MBS ‘Putback’ Investors Target Big Issuers
A growing number of hedge funds are scouring the files of securitized home loans, in hopes of reaping rich profits by forcing mortgage-bond issuers to buy back faulty credits.
Monarch Alternative Capital was among the first to begin carrying out the “putback” strategy last year. Now, Amherst Advisory & Management, Fir Tree Partners, Glenview Capital and Varde Partners are among other fund managers working either on their own or in teams to follow the same course.
The investment play is fueled by claims on the part of the firms, as holders of mortgage bonds, that the securities’ underlying loans failed to meet the standards advertised in the “representations and warranties” portion of the deal documents. If the collateral didn’t meet the criteria specified in the reps and warrants, bondholders can put back, or re-sell, the flawed mortgages to the issuers — typically deep-pocketed banks.
Last year, Monarch convinced an unnamed issuer to buy back loans from four of its mortgage-bond issues. In December alone, the issuer bought 30 loans for $8.5 million. Only part of those proceeds went to Monarch, with the rest going to other bondholders who benefitted from the firm’s work. In a letter to investors, the New York fund operator said it was pursuing other paths to enforce issuers’ reps and warrants.
Fir Tree also sees great potential in pursuing putbacks. In a letter to investors this month, it wrote, “The RMBS space is increasingly becoming a credit activist arena where certain bondholders can increase the value of their holdings through exhaustive work with other bondholders, trustees and mortgage originators.” The fund manager added: “We are confident that a positive return on these efforts will materialize over the next couple years.”
Last year, the New York firm returned 25%, largely by selling bonds whose values had risen. But it now sees higher returns flowing from efforts to build a team capable of picking apart securitized mortgage pools in search of fraud or other covenant violations before negotiating payouts.

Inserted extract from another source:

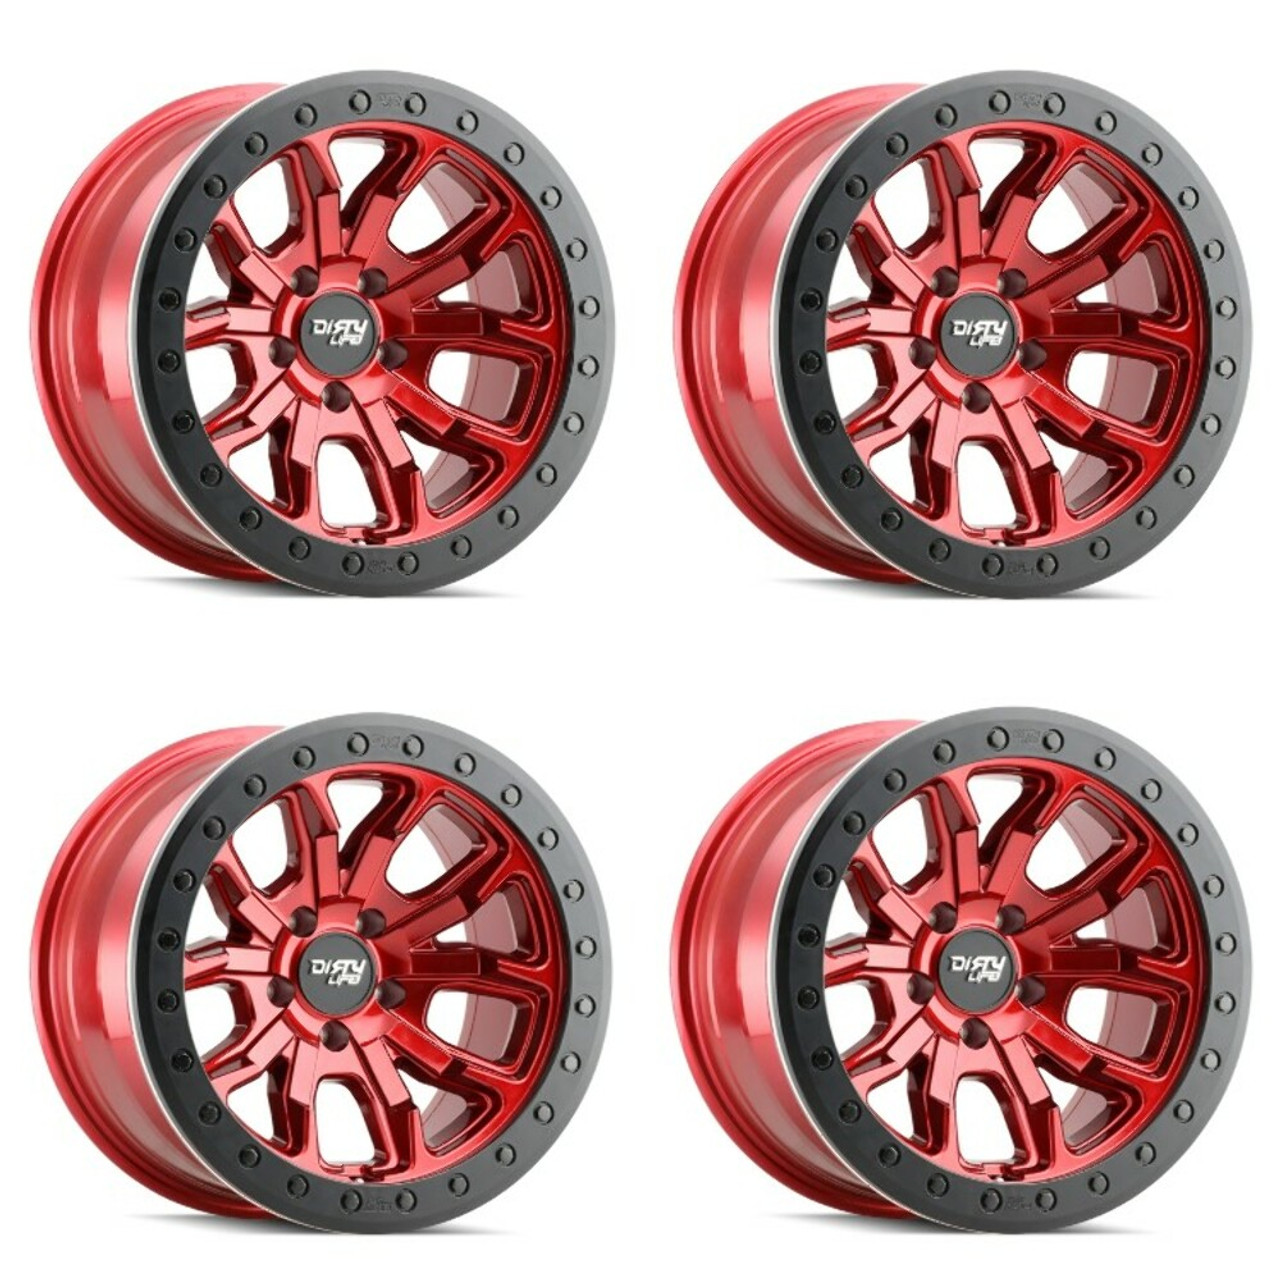 Set 4 17" Dirty Life DT-1 17x9 Crimson Candy Red 5x5 Wheels -12mm Lifted Rims

However, the putback strategy is far from easy money. For starters, it requires considerable manpower to pore over detailed loan files in search of flaws. For instance, a due-diligence staffer would raise a flag when coming across multiple loans that name the same borrower with each underlying property listed as a primary residence. Fund managers use the threat of litigation to convince trustees to provide them with loan-by-loan data that often isn’t made available to investors.
Another complicating factor is the requirement that claims can only be made, and putback options exercised, by investors controlling at least 25% of a deal’s voting rights. Investors, therefore, must amass enough bonds to go it alone, or they must team up with other holders. Indeed, fund managers began banding together early last year for putback purposes.
There also are statutes of limitations in New York and other states that narrow the window during which the strategy can be pursued.
And when issuers agree to buy back loans, the money is paid directly to the trustee and flows through a securitization’s entire tranche-by-tranche waterfall, to the benefit of other investors. One mortgage-bond trader cited the “free rider” aspect as a disincentive to the strategy. But some hedge fund managers are instead able to negotiate private settlements with publicity-shy banks, walking away with profits and leaving the faulty loans in the bond issues’ collateral pools.
While subprime-mortgage securities typically trade for 30-35 cents on the dollar, issuers are sometimes willing to pay as much as 60 cents on the dollar for underlying loans that are subject to claims under reps and warrants.
While Amherst pursues the putback strategy as a fund manager, it also is offering its servicers as an advisor to institutional investors wishing to get in on the action. “[Amherst] generally expects to take an activist approach . . . in particular as [Amherst] deems necessary with respect to seeking to enforce the rights of security holders under the RMBS governing documents,” the firm said in an August 2011 SEC filing. “This may include filing legal actions in connection with RMBS governing documents, actively negotiating agreements where appropriate and otherwise bringing pressure to bear.”
Some of the funds searching for putback plays are longtime mortgage-bond traders seeking compensation from issuers whose securitized loans were of a poorer quality than advertised. Others are simply distressed-asset investors sensing opportunity.
Many larger fund operators, including Fortress Investment, considered the strategy but decided it was too cumbersome given relatively small balances among the home loans.
Pimco, BlackRock and the Federal Reserve Bank of New York initially pursued a putback strategy against Bank of America for bonds issued by its Countrywide unit. However, the group eventually opted for another legal strategy that led to a proposed $8.5 billion settlement with BofA and its trustee, BNY Mellon. The settlement is now pending in the Second Circuit U.S. Court of Appeals.
Fannie Mae and Freddie Mac also have been aggressively pushing billions of dollars of mortgages back to issuers.
If putback investors succeed on a widespread basis, the results could be catastrophic to the largest bank issuers, whose potential liability is enormous.